Marijuana Grower's Handbook

by Ed Rosenthal

  The word cannabis is an ancient one, dating back past Latin and Greek to Thracian or Scythian times. Scholars have even identified ancient Biblical references to a plant known as ‘kaneh-bos’ as early as the 15th century B.C.

  As the contemporary name of a type of plant, Cannabis Sativa Linnaeus (L.) was formally conferred in 1753 by Carolus Linnaeas in his famous taxonomy. Linnaeas, who devised the modern system for classifying and naming species, concluded that the genus Cannabis sativa had but one species, which bears the same botanical name. The genus is currently classified as belonging to the Cannabaceae family, which also includes hops (Humulus sp.).
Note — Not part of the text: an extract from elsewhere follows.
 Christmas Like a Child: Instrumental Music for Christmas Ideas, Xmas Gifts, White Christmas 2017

Modern phylogenetic studies and gene sequencing indicate that Cannabis sativa L. is more properly considered part of the Celtidaceae branch, which also includes the many species of Hackberrry tree, and that the two families should be merged to form a single group descended from a common ancestor. This would not be the first time that Cannabis sativa L. has been reclassified, as it was formerly categorized as part of the Nettle (Urticaceae) or Mulberry (Moraceae) family.

  There has been a similar evolution of thinking on how many species of Cannabis sativa L. should be recognized. In 1785, soon after Linnaeus identified it as a single species, the influential biologist Jean-Baptiste de Lamarck claimed the plant he found in India should be classified as a separate species, which he named Cannabis indica. This name would be included in various pharmacopoeias to designate cannabis plants that are suitable for the manufacture of medicinal preparations.
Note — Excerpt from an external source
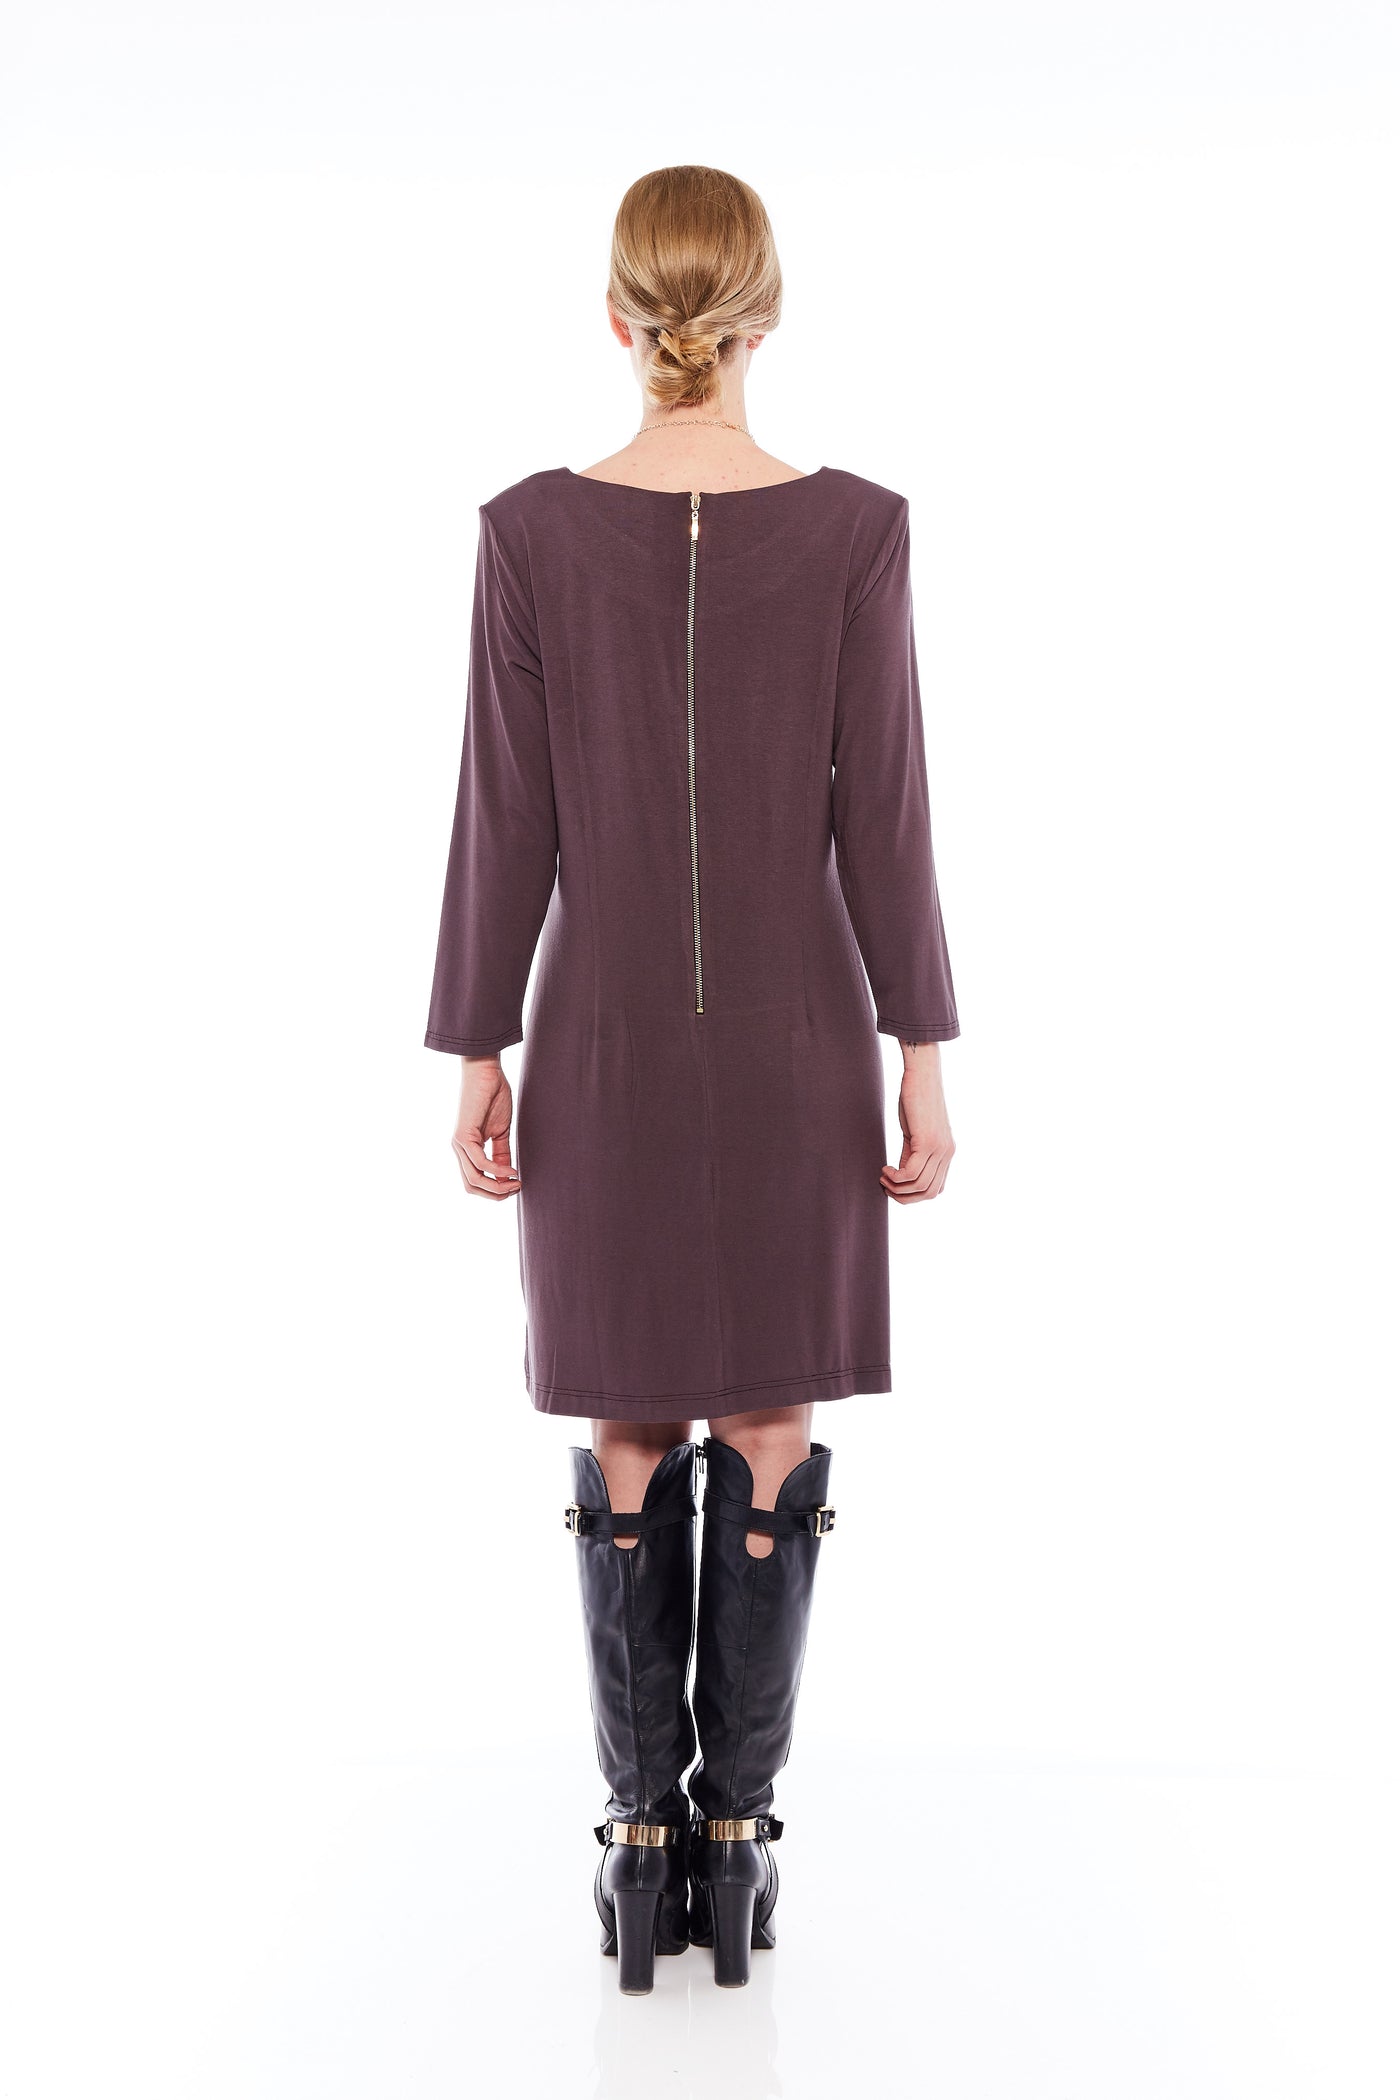 Buy Women's Long Sleeve Brown Midi Dresses Online

  In the 19th century, other botanists proposed separate species classifications for cannabis plants indigenous to China and Vietnam. But by the 20th century, difficulty with definitively distinguishing between any of them had led most botanists to conclude, as Linnaeus did, that all cannabis plants belong to a single species. Certainly all cannabis plants satisfy one of the chief criteria of a species: they can interbreed. There are different ways to define a species. Wide disparities in cannabis plants’ geographic location and primary characteristics have led many to argue that three species should be recognized, based on whether they are cultivated primarily for fiber (sativa) or drugs (indica), or grow wild (ruderalis).
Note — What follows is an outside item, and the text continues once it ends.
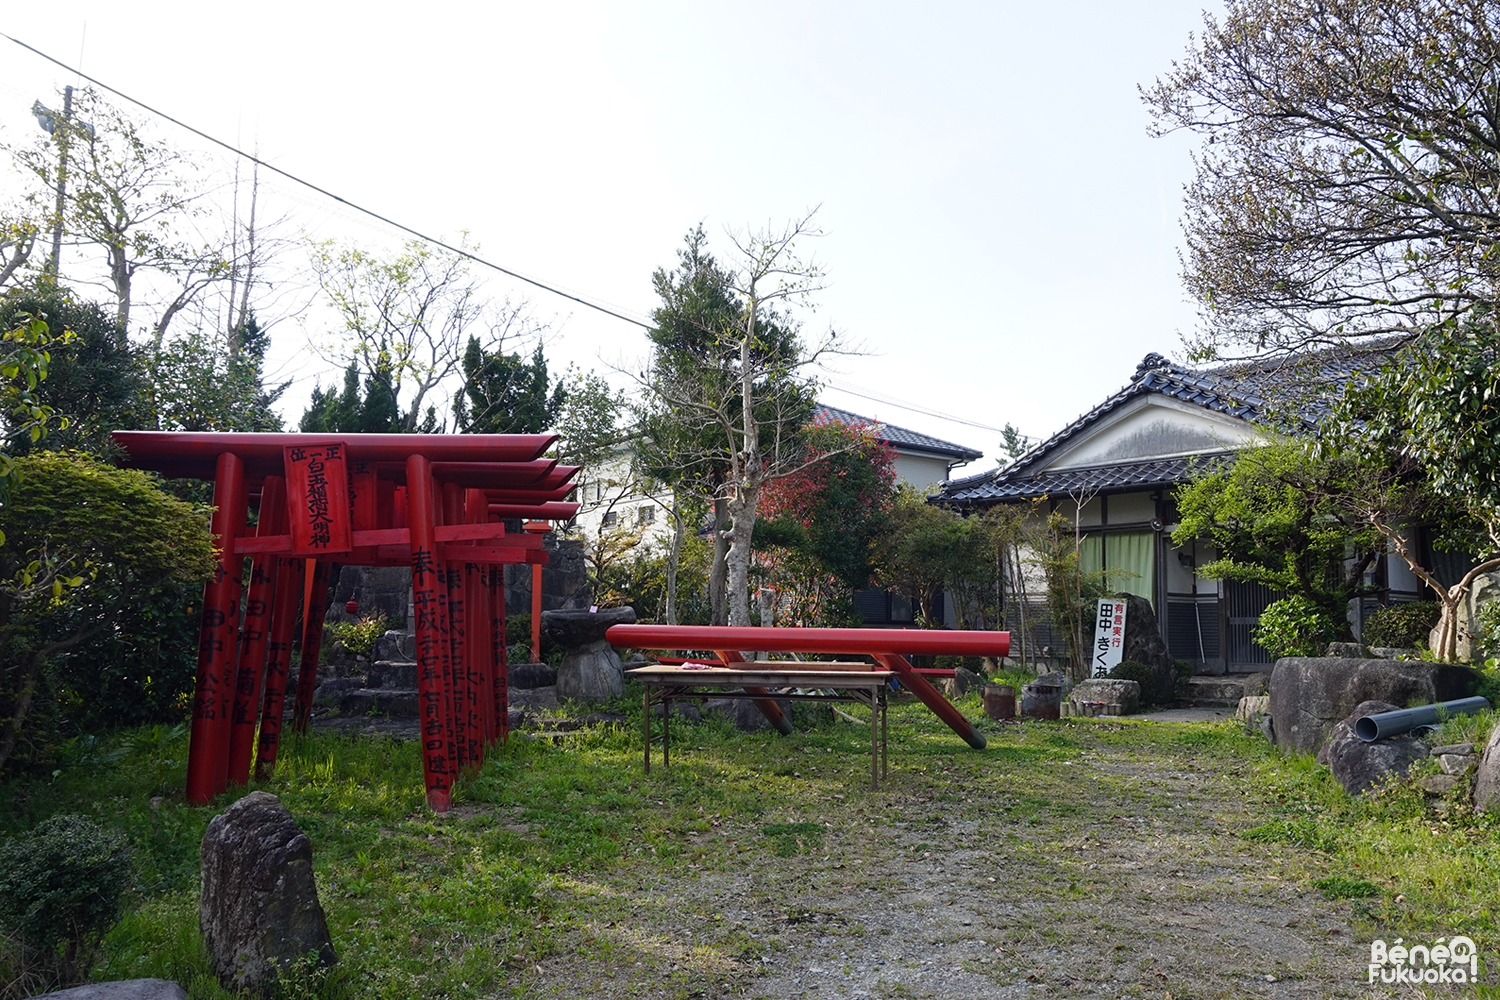 Réparateur de torii, Fukuyoshi, Fukuoka

  Cannabis ruderalis is probably the progenitor wild variety. The alleles or genetic traits of ruderlis are mostly dominant, indicating that the competing traits are probably mutations. For instance, flowering in ruderalis begins soon after germination and is not dependent on the length of daylight; this characteristic dominates crosses.

  1. Male flower bract

  2. Female flower bract

  3. Male flower

  4. Bunch of male flowers

  5. Unfertilized female flower

  6.-9. Maturing seed

  10. Mature seed in perianth

  11. Mature seed

  12. Cutaway of seed showing embryo

  SCIENTIFIC CLASSIFICATION

  Kingdom: Plantae

  Division: Magnoliophyta

  Class: Magnoliopsida

  Order: Rosales

  Family: Cannabaceae

  Genus: Cannabis

  Formal Botanical Description

  Cannabis is an annual, dioecious, flowering herb. The leaves have serrated leaflets. The first pair of leaves usually have a single leaflet, the number gradually increasing up to a maximum of about thirteen leaflets per leaf (usually seven or nine), depending on variety and growing conditions. At the top of a flowering plant, this number again diminishes to a single leaflet per leaf. The lower leaf pairs usually occur in an opposite leaf arrangement and the upper leaf pairs in an alternate arrangement on the main stem of a mature plant.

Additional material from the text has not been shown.